My rating: 4 of 5 stars

This is a well written true crime novel about Jane Toppan that was about a 3.5 star read for me. At first I was annoyed with it because it took over fifty pages to get to Jane. The beginning was spent on another serial poisoner with only connection, beyond the type of crime was one of the doctors knew both poisoners via their victims (which you don’t know until much later so this seemed like so much needless filler.) There’s another odd bit of filler toward the end with the world’s fair that I basically skimmed.

Jane is interesting because not only is she a sociopath gaining sadistic sexual gratification from the poisonings, she’s intelligent.
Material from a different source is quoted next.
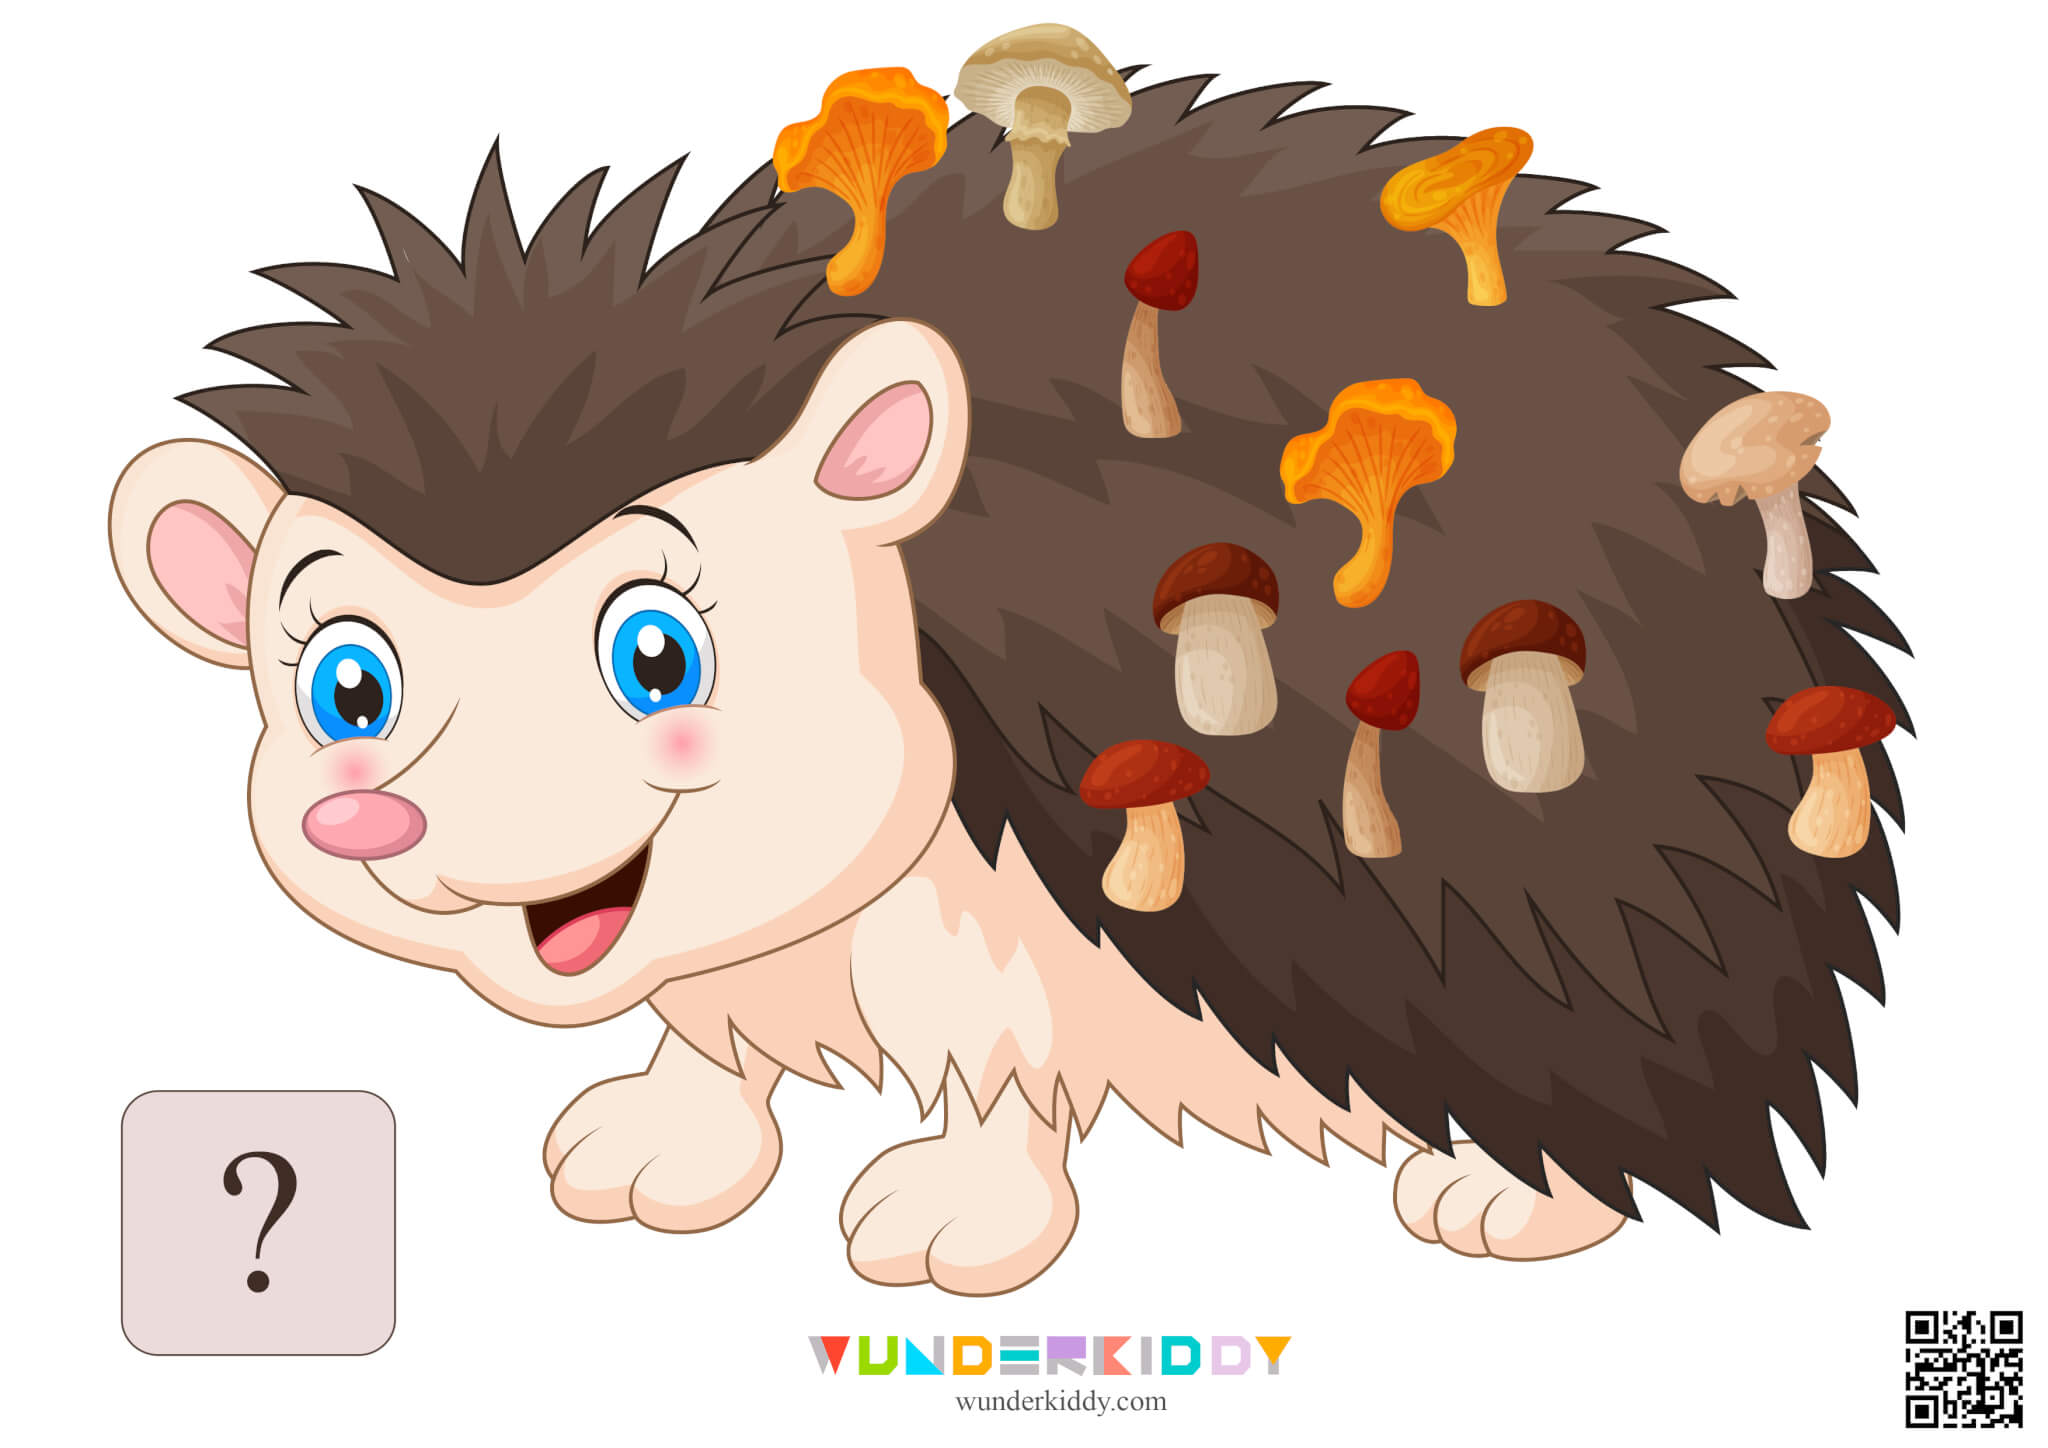 Worksheet Count to 20 with Hedgehog and Mushrooms - Image 15

Jane did have a rough start in life (something many -but not all like the book claimed - sociopaths share). Jane was very jealous of her foster sister who landed a good husband (pastor) but Jane had no luck in the love department (which she later blames for her murderous habits).

Jane trained as a nurse and like most narcissistic sociopaths was adept at charming people and blaming others for mistakes. In spite of never getting her license (and killing dozens while training) Jane became a private nurse, killing patients, family and friends as she please. What makes her interesting and different from the usual arsenic poisoners is her choice of murder weapon.
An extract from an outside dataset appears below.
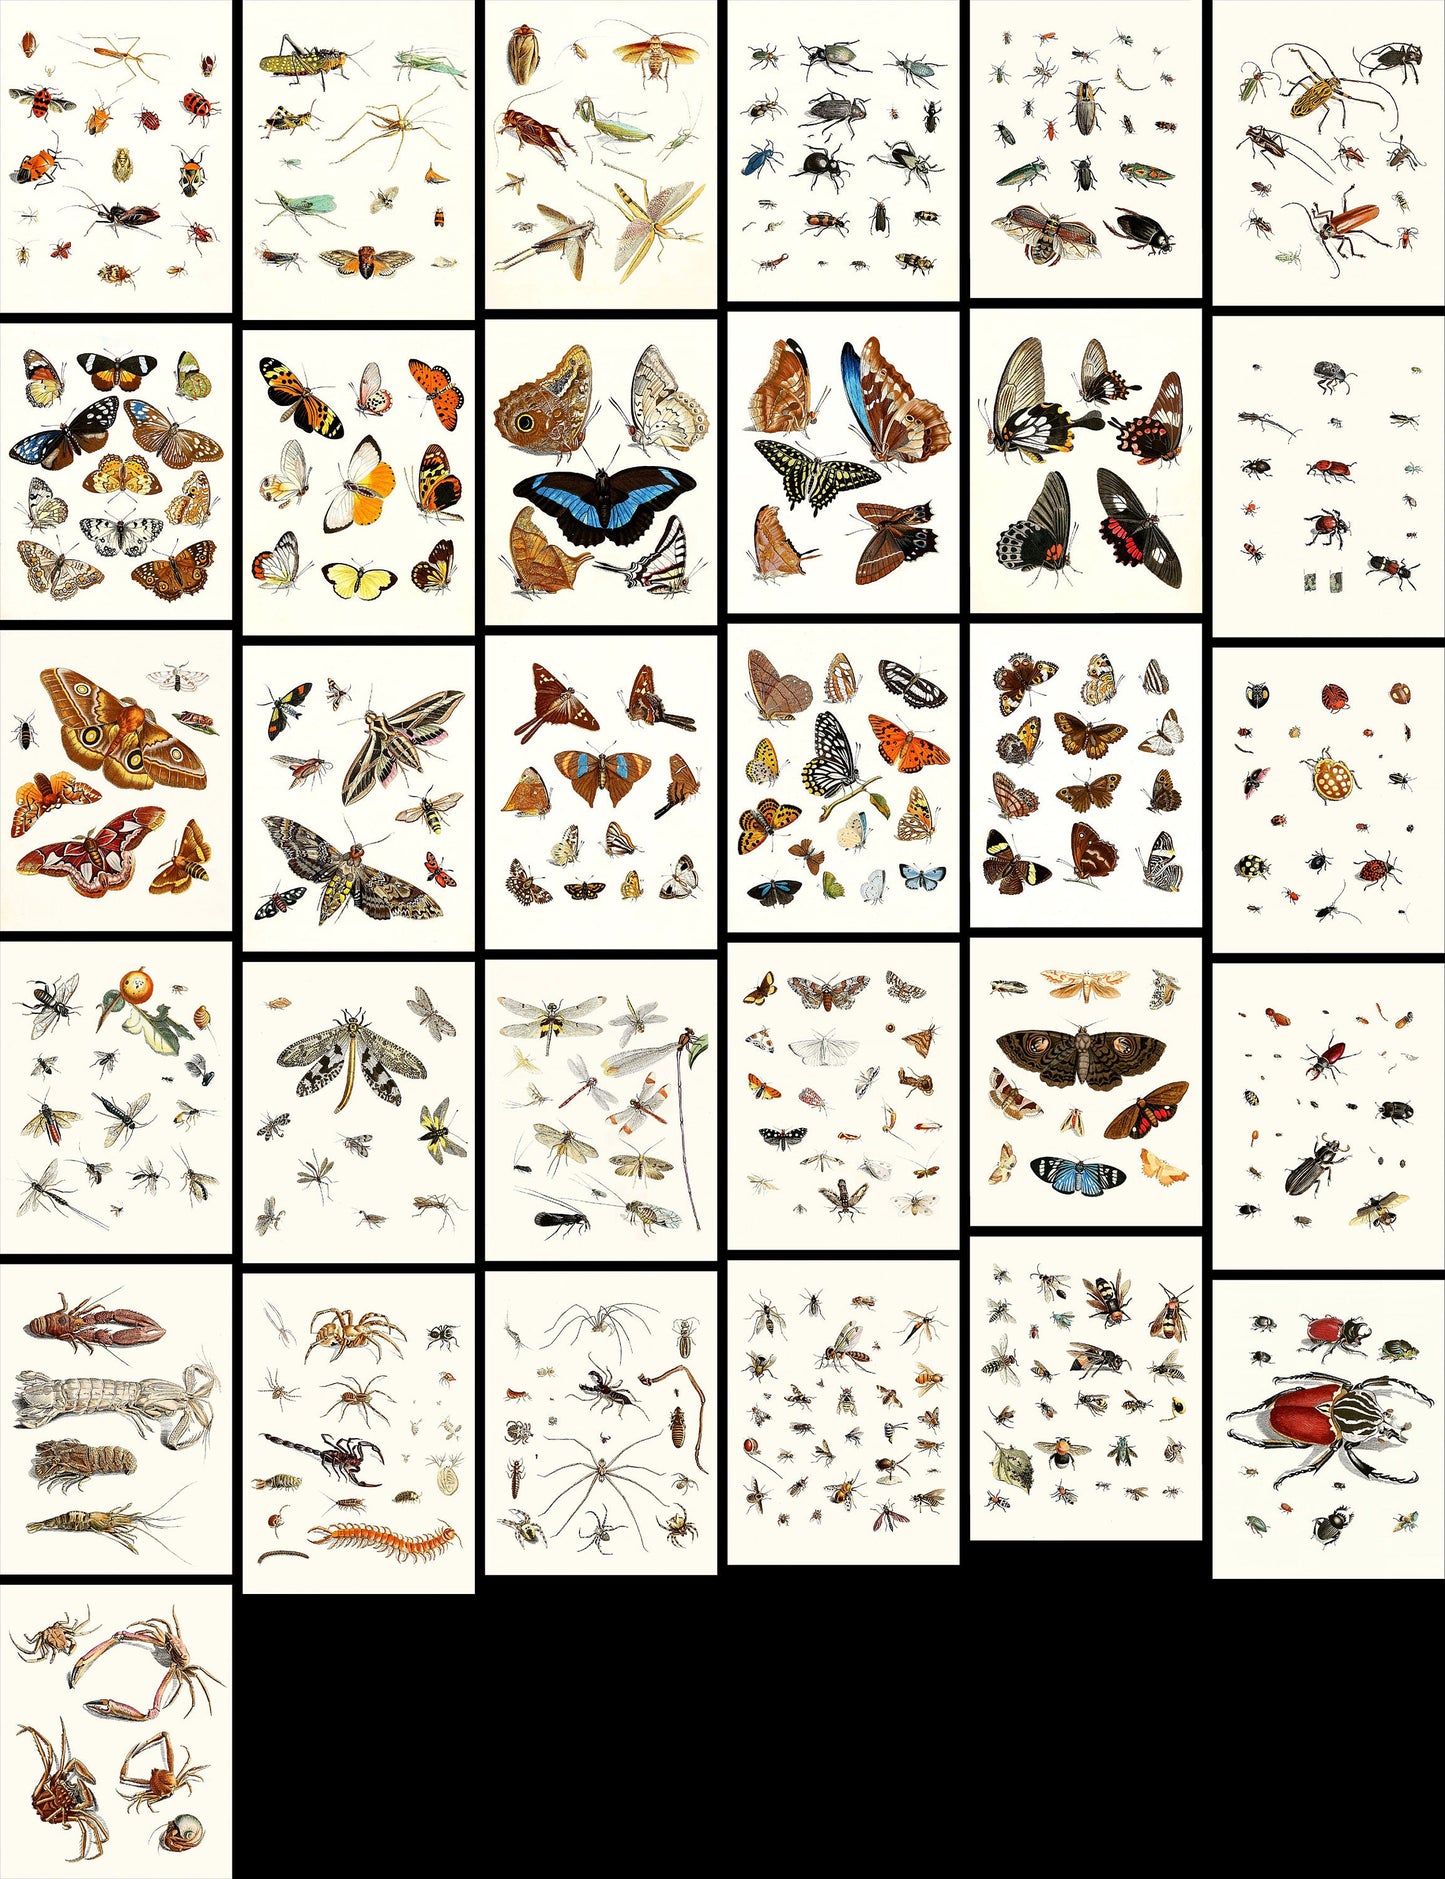 Dr. Sulzer's Short History of Insects [31 Images]

She used two contrasting drugs of atropine and morphine to mask their pupillary affects and other symptoms. It worked wonders in confusing the doctors. What really amazed me was who finally figured it out (hint, it wasn’t a doctor). It dragged a bit with all the court details (for me the less said about the court proceedings the better). I’d recommend this one.

And a minor spoiler here: I wonder if what happened in the asylum was Jane being influenced by the other patients, the way we see a decline in cognition in competent patients if they’re put among those with dementia.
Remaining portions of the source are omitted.